_Required work_
Exactly the lines from the one containing "PPT - Premium" through the final line of the data below, with pictures omitted, make up the answer.

_Material provided_
-=-=-=-=-
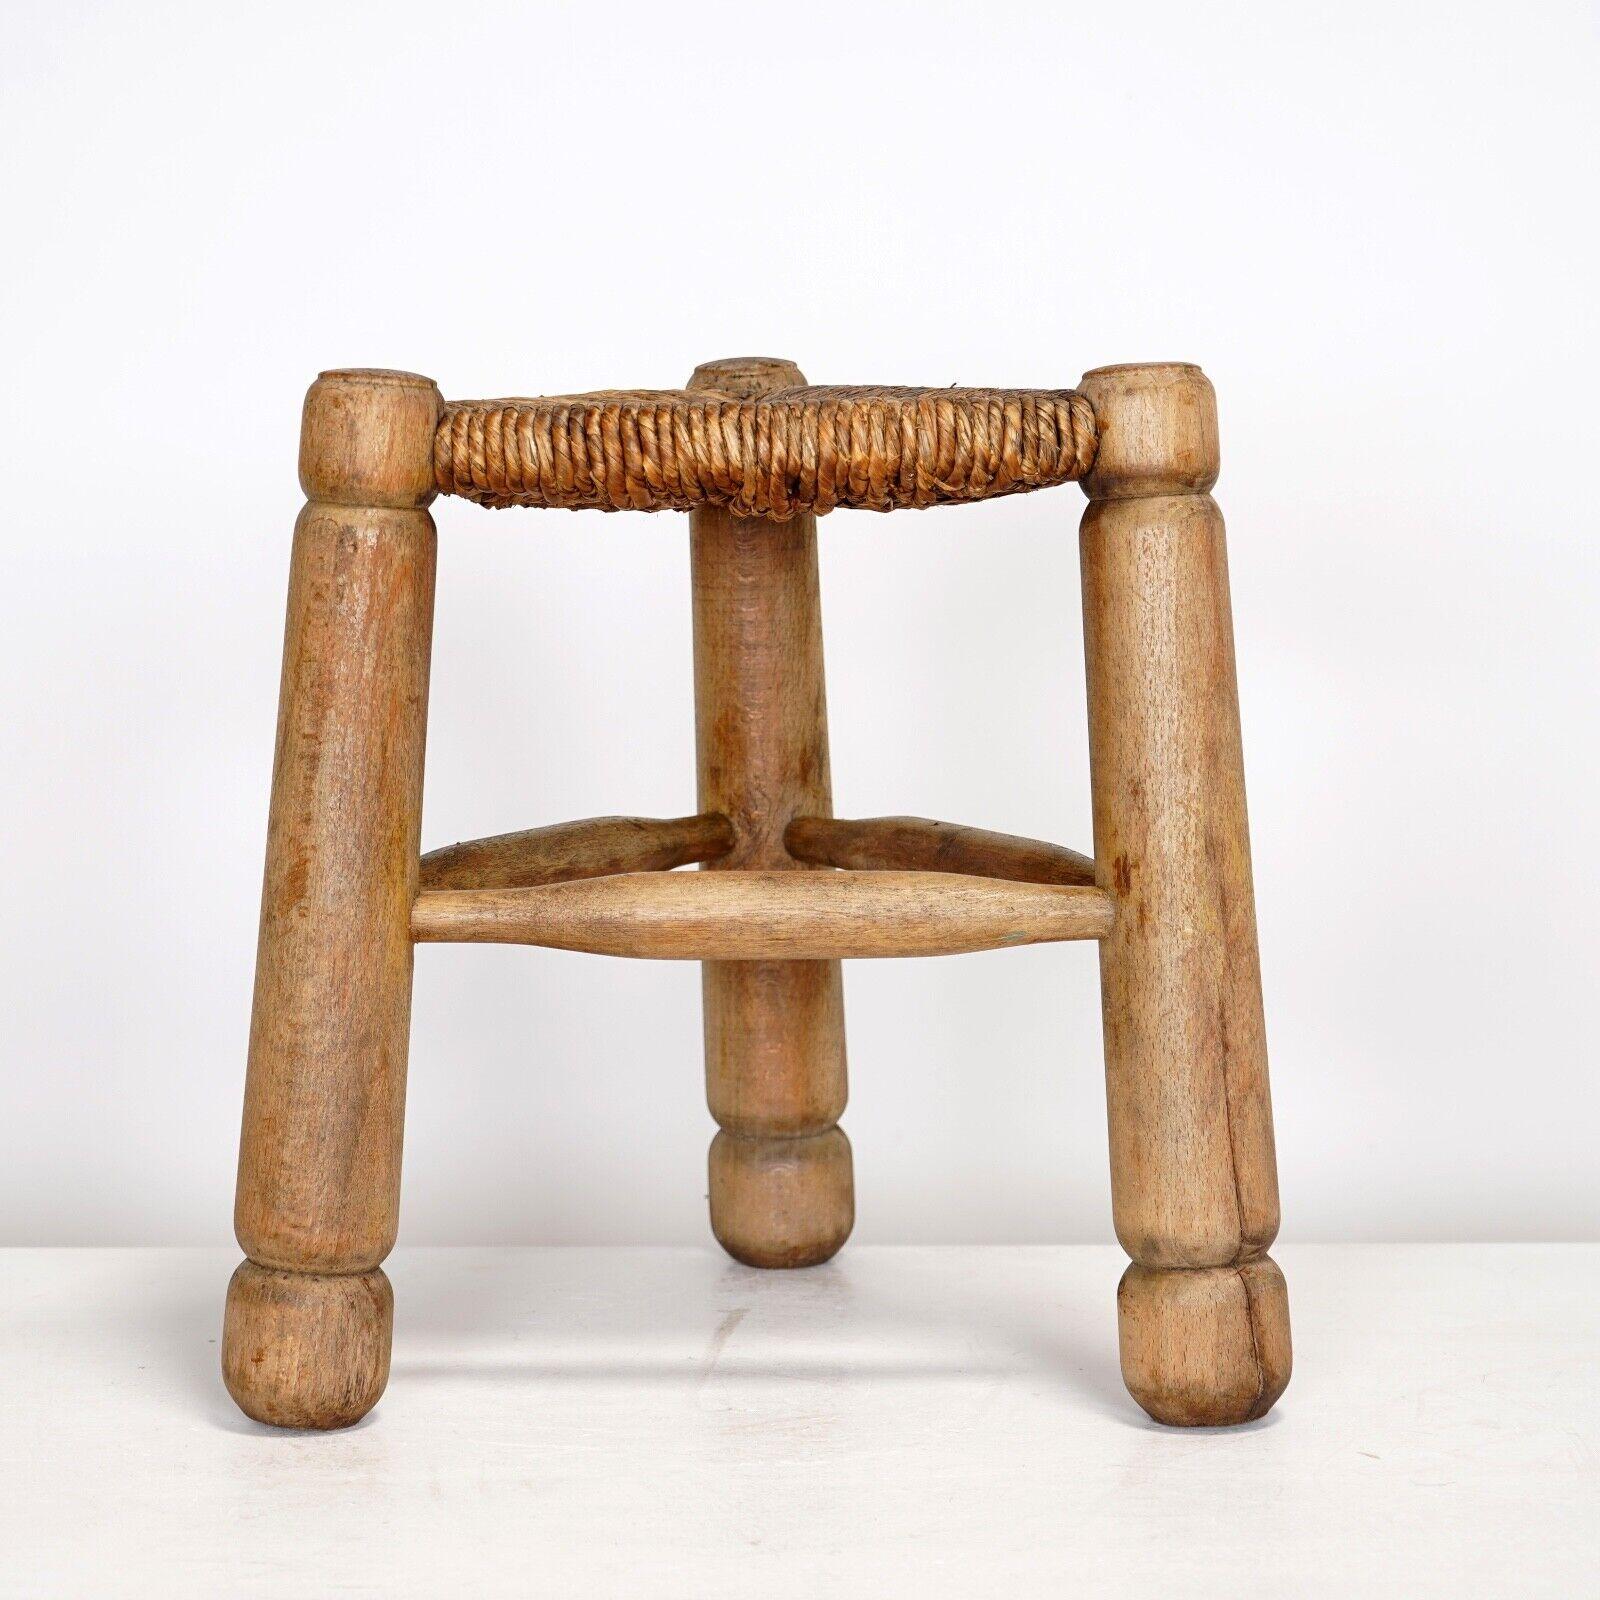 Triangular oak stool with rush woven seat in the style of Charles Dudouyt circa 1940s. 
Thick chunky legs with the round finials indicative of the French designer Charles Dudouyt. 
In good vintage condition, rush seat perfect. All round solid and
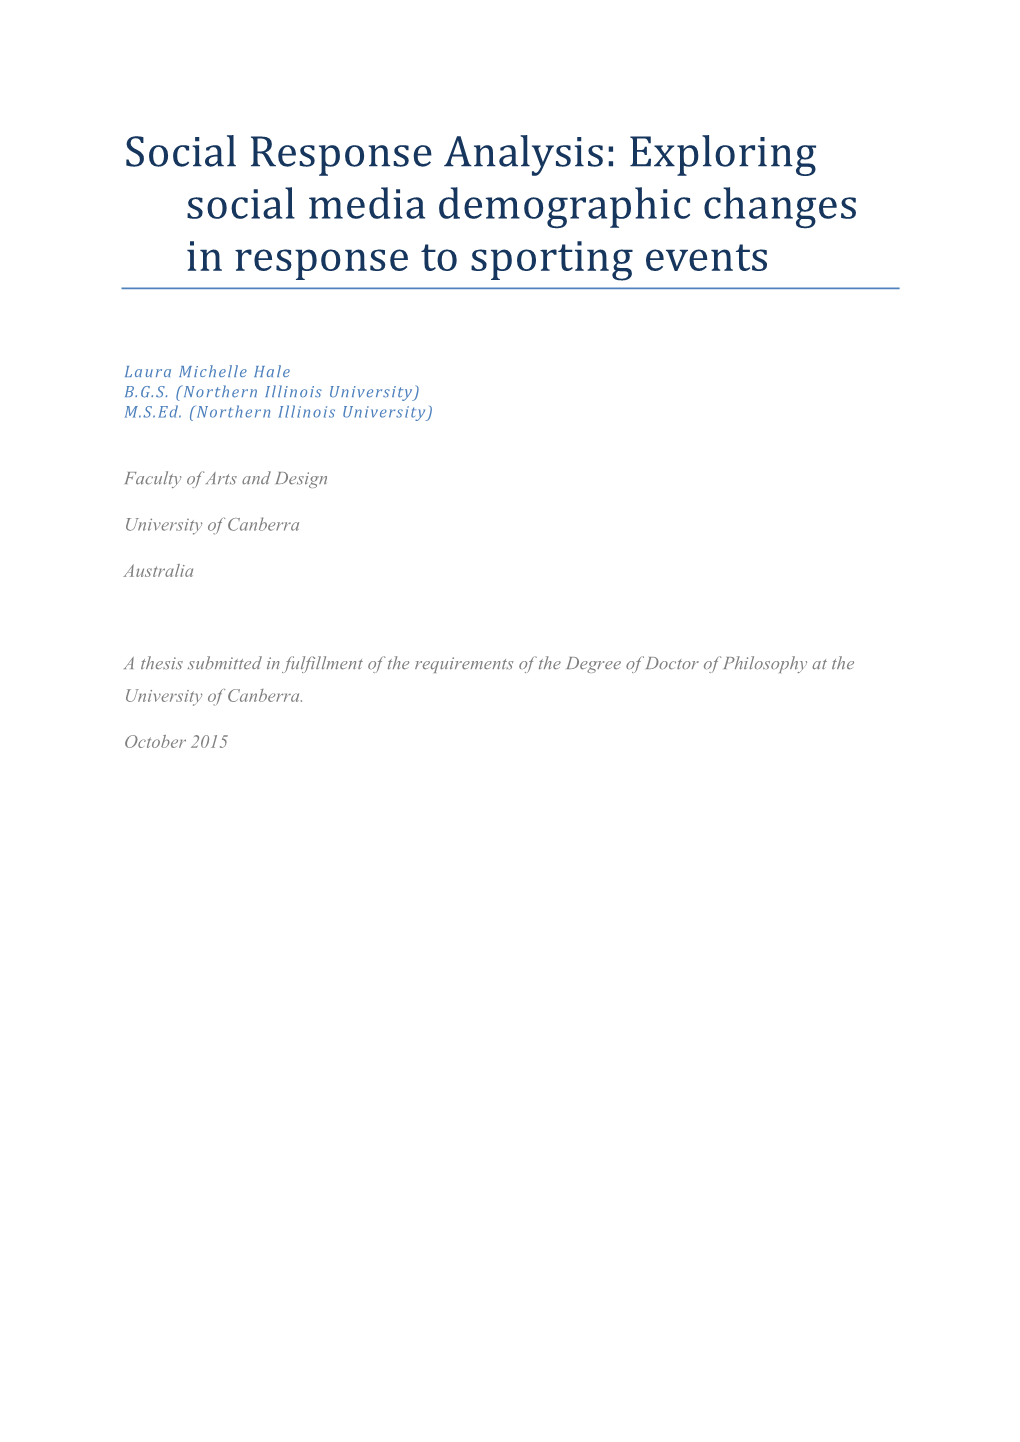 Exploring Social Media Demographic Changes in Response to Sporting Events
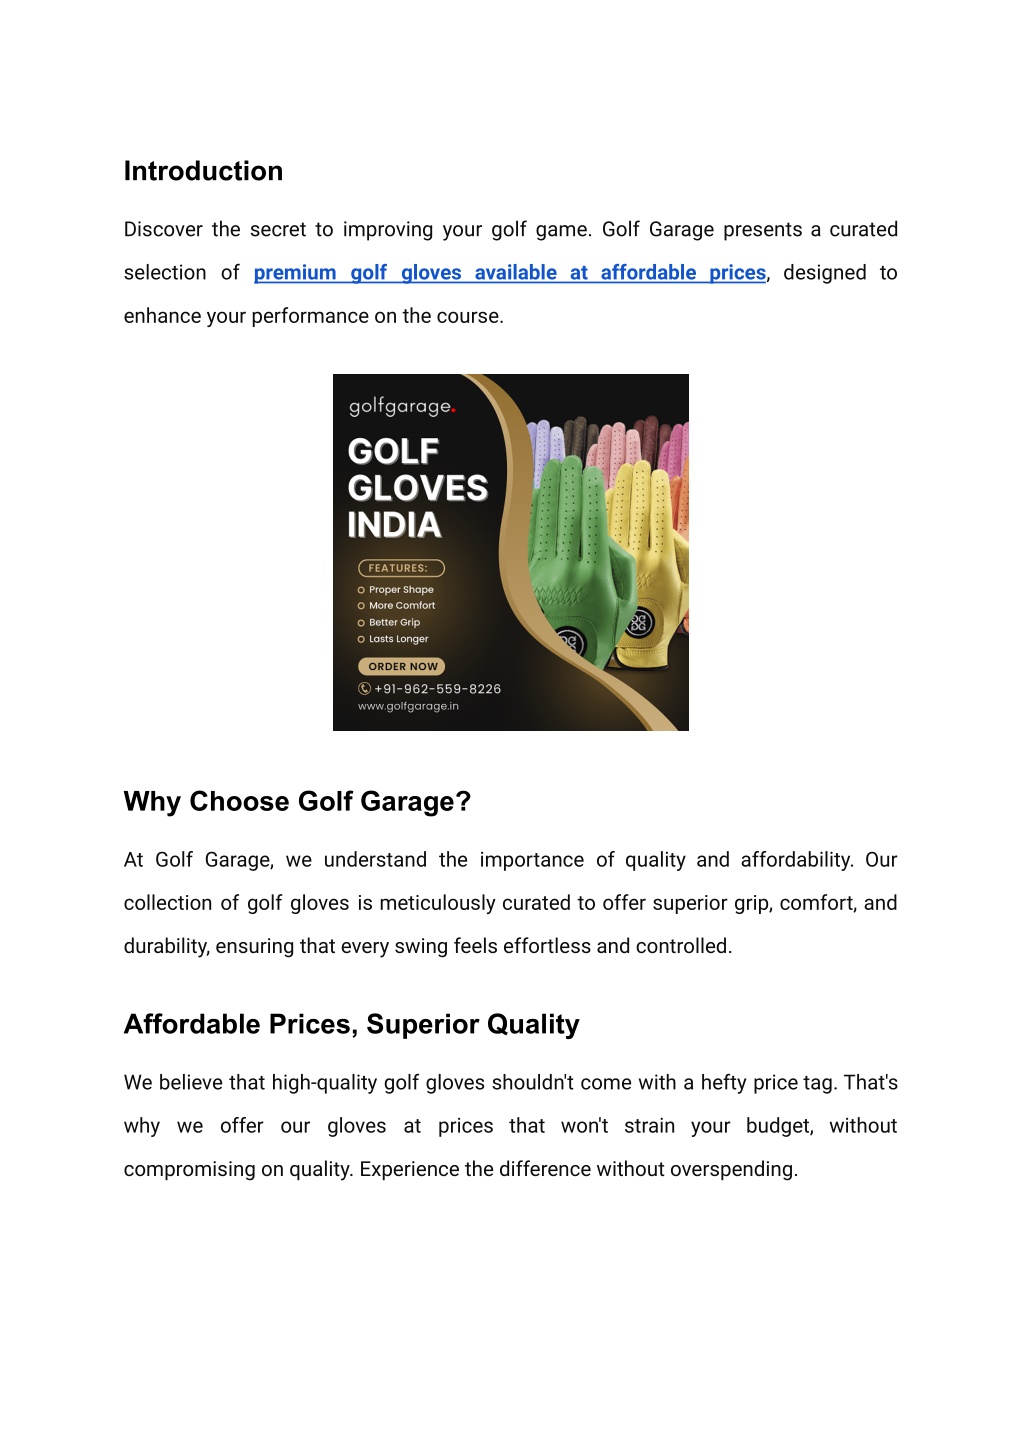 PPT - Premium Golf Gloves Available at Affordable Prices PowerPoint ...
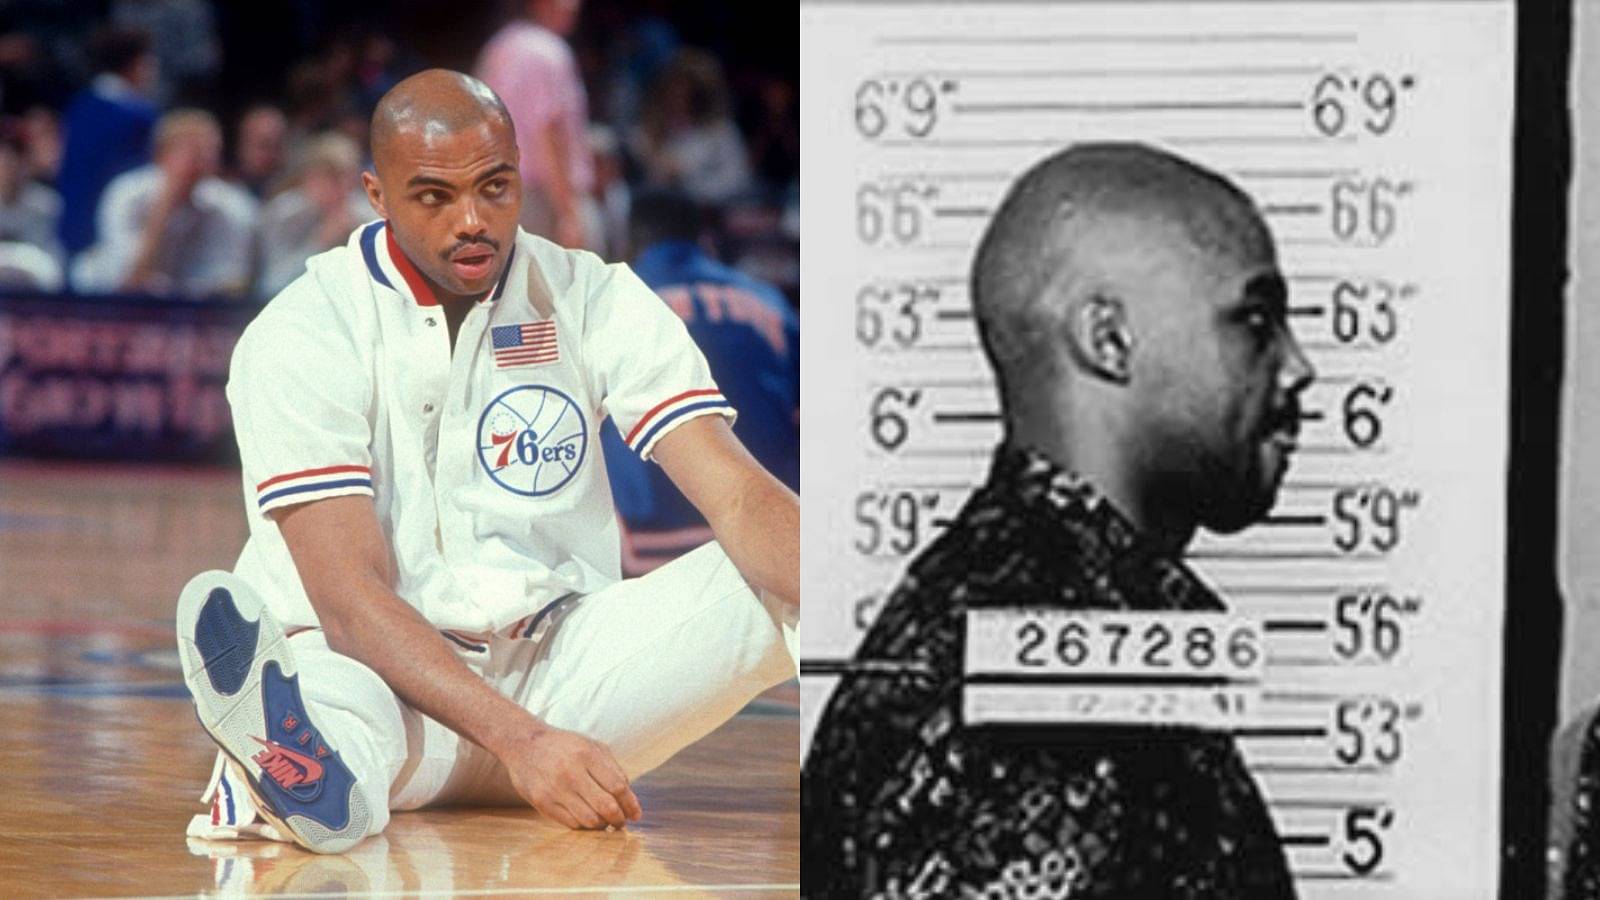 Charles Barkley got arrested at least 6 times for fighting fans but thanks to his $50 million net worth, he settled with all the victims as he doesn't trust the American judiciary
-=-=-=-=-
_Written response_
 PPT - Premium Golf Gloves Available at Affordable Prices PowerPoint ...
 Charles Barkley got arrested at least 6 times for fighting fans but thanks to his $50 million net worth, he settled with all the victims as he doesn't trust the American judiciary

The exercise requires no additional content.